Aim of the exercise
Within the listing that follows, reproduce exactly the lines starting at the line with "Rare and extremely" and ending at the line with "Period: 1900.", inclusive, and only those. Pictures are dropped.

Data shown
-- Opening Marker --
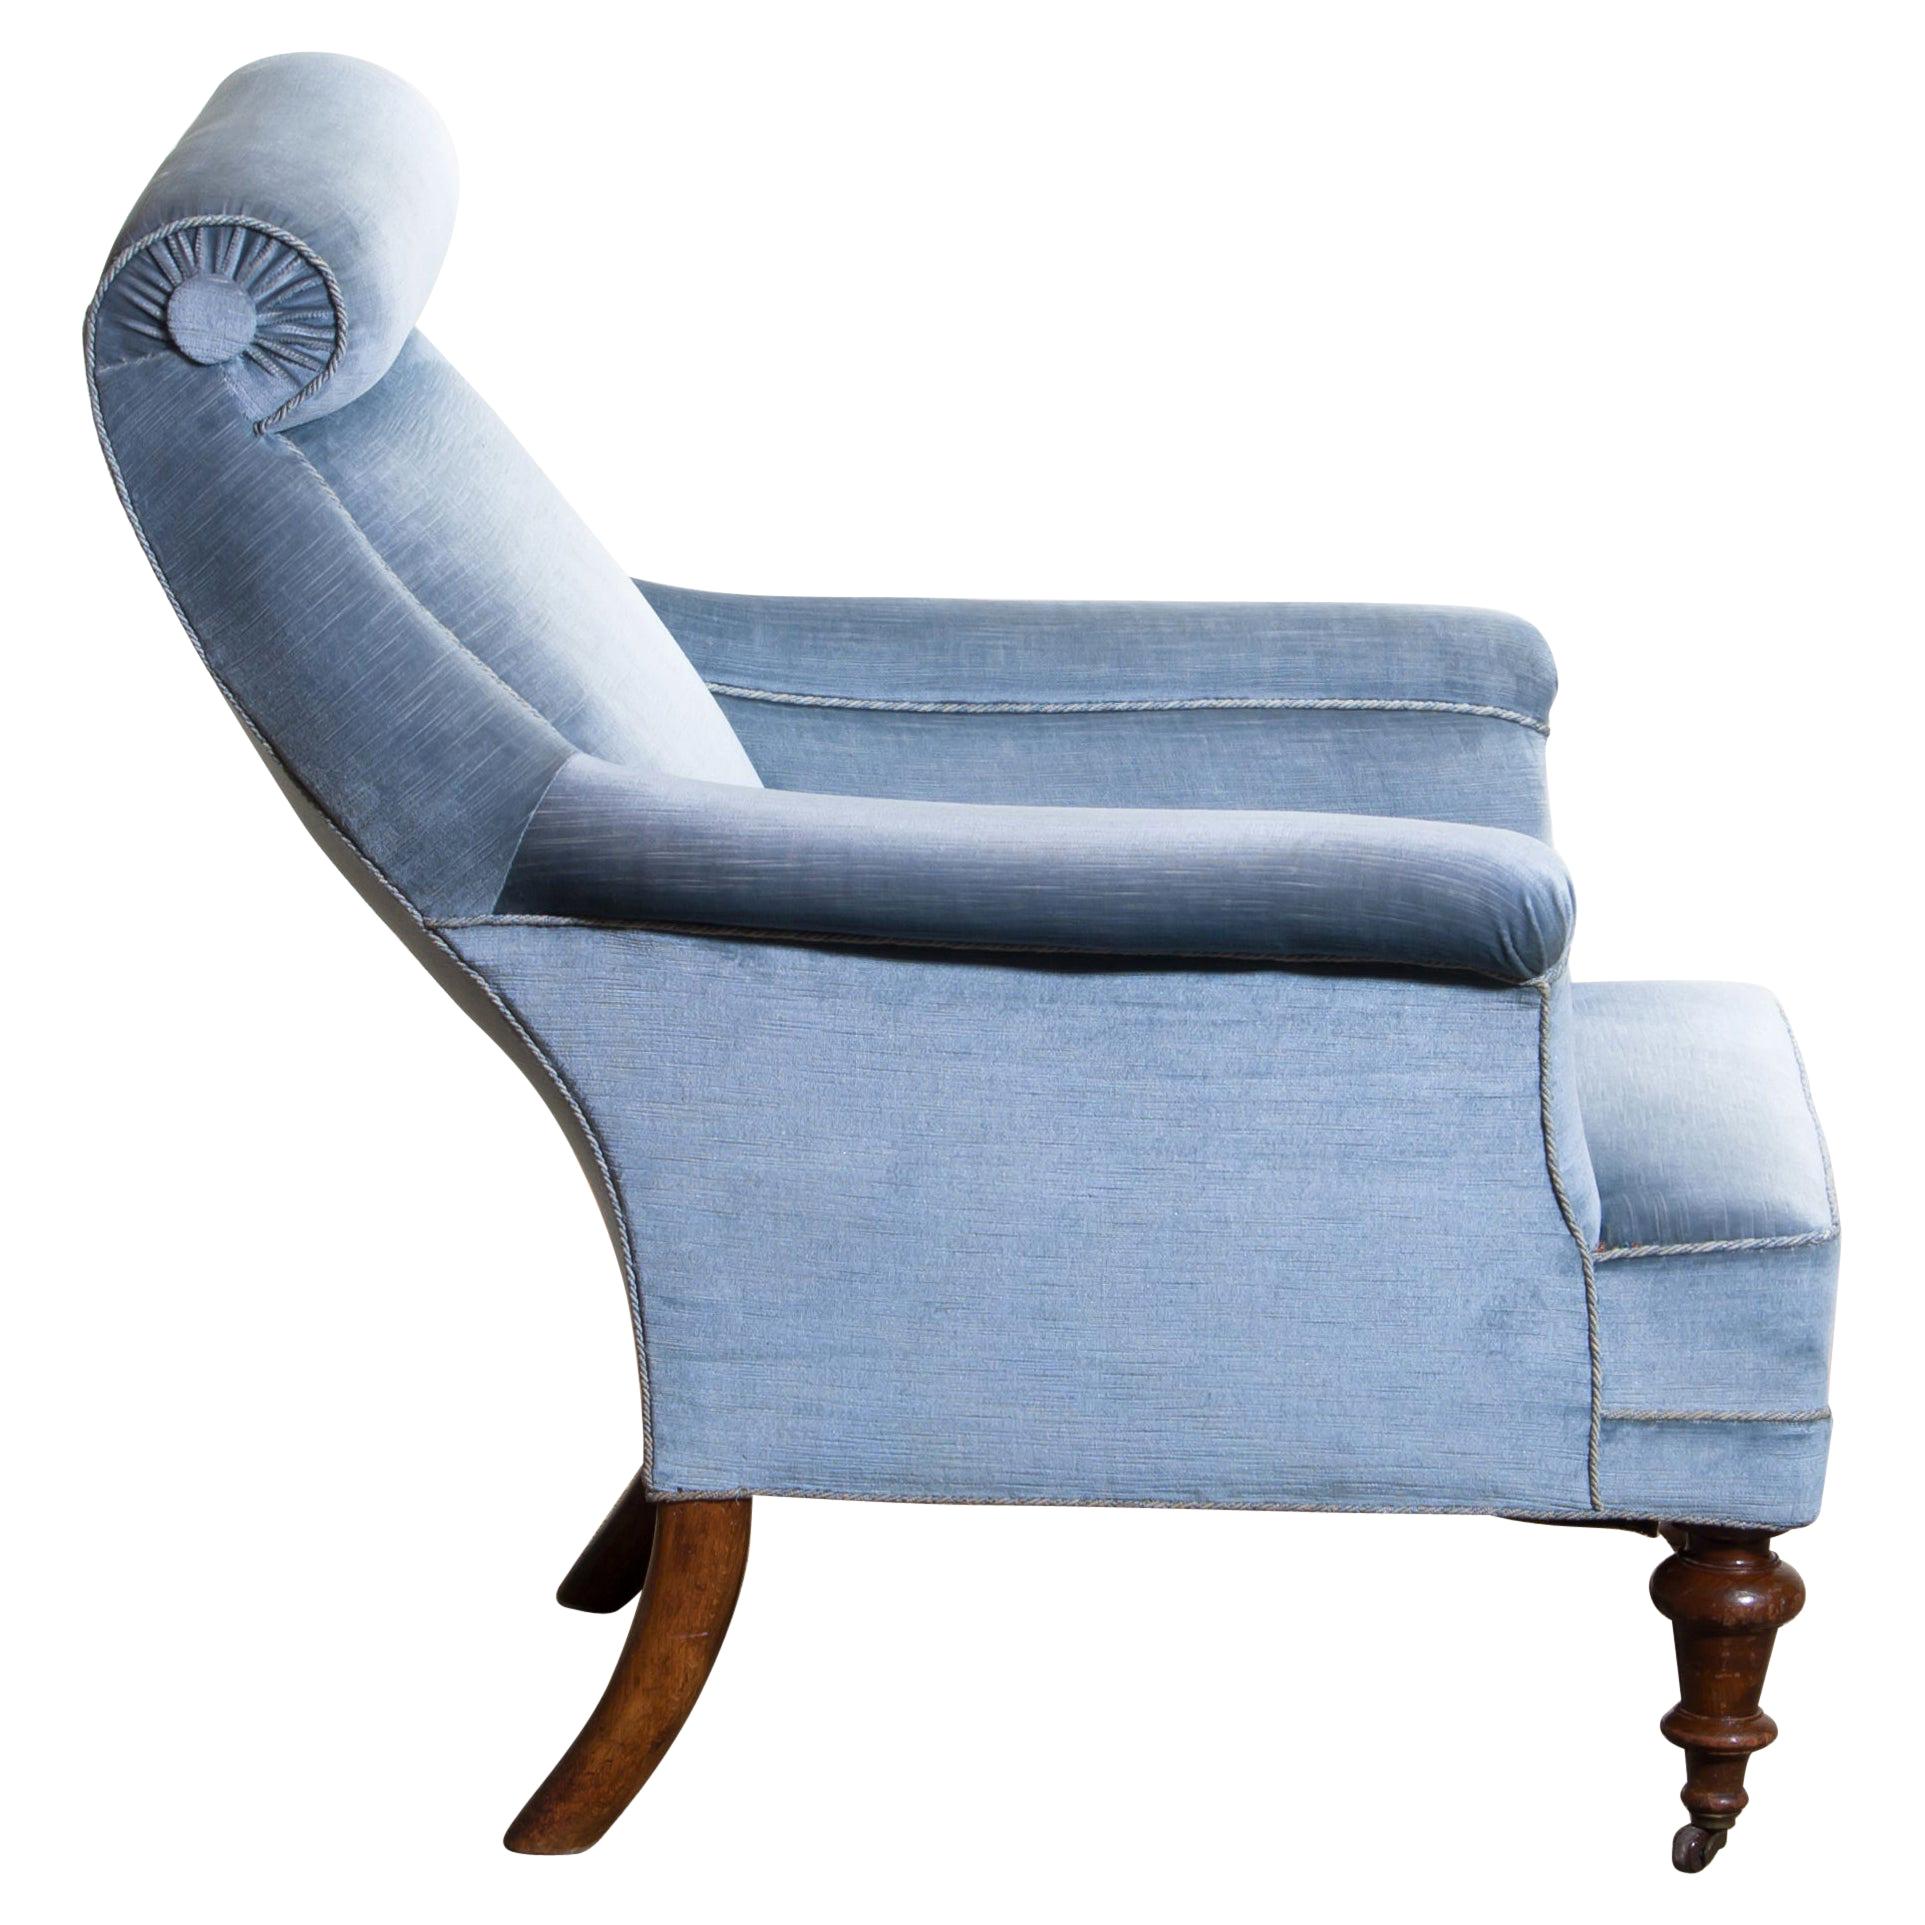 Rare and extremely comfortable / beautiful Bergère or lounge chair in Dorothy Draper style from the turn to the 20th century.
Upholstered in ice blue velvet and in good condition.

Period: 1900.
-- Closing Marker --
-- Opening Marker --
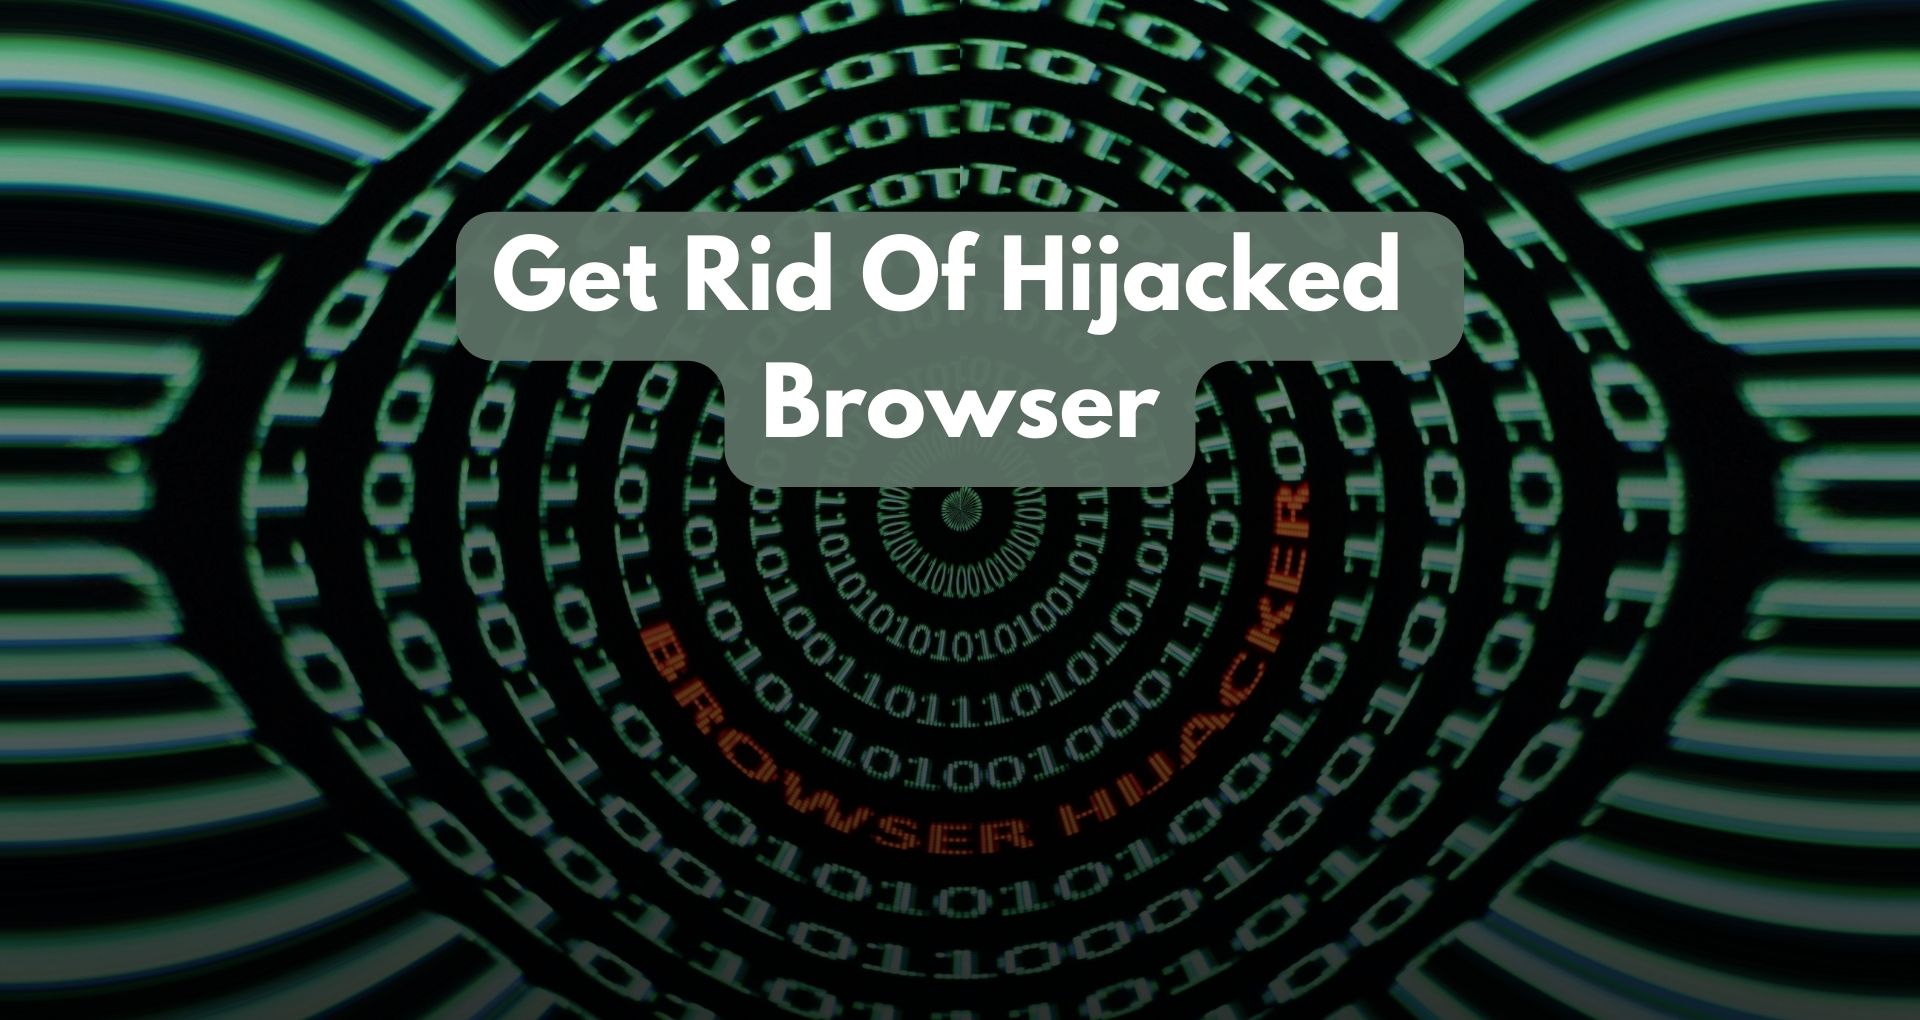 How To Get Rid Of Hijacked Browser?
-- Closing Marker --
Output for this task
 Rare and extremely comfortable / beautiful Bergère or lounge chair in Dorothy Draper style from the turn to the 20th century.
Upholstered in ice blue velvet and in good condition.

Period: 1900.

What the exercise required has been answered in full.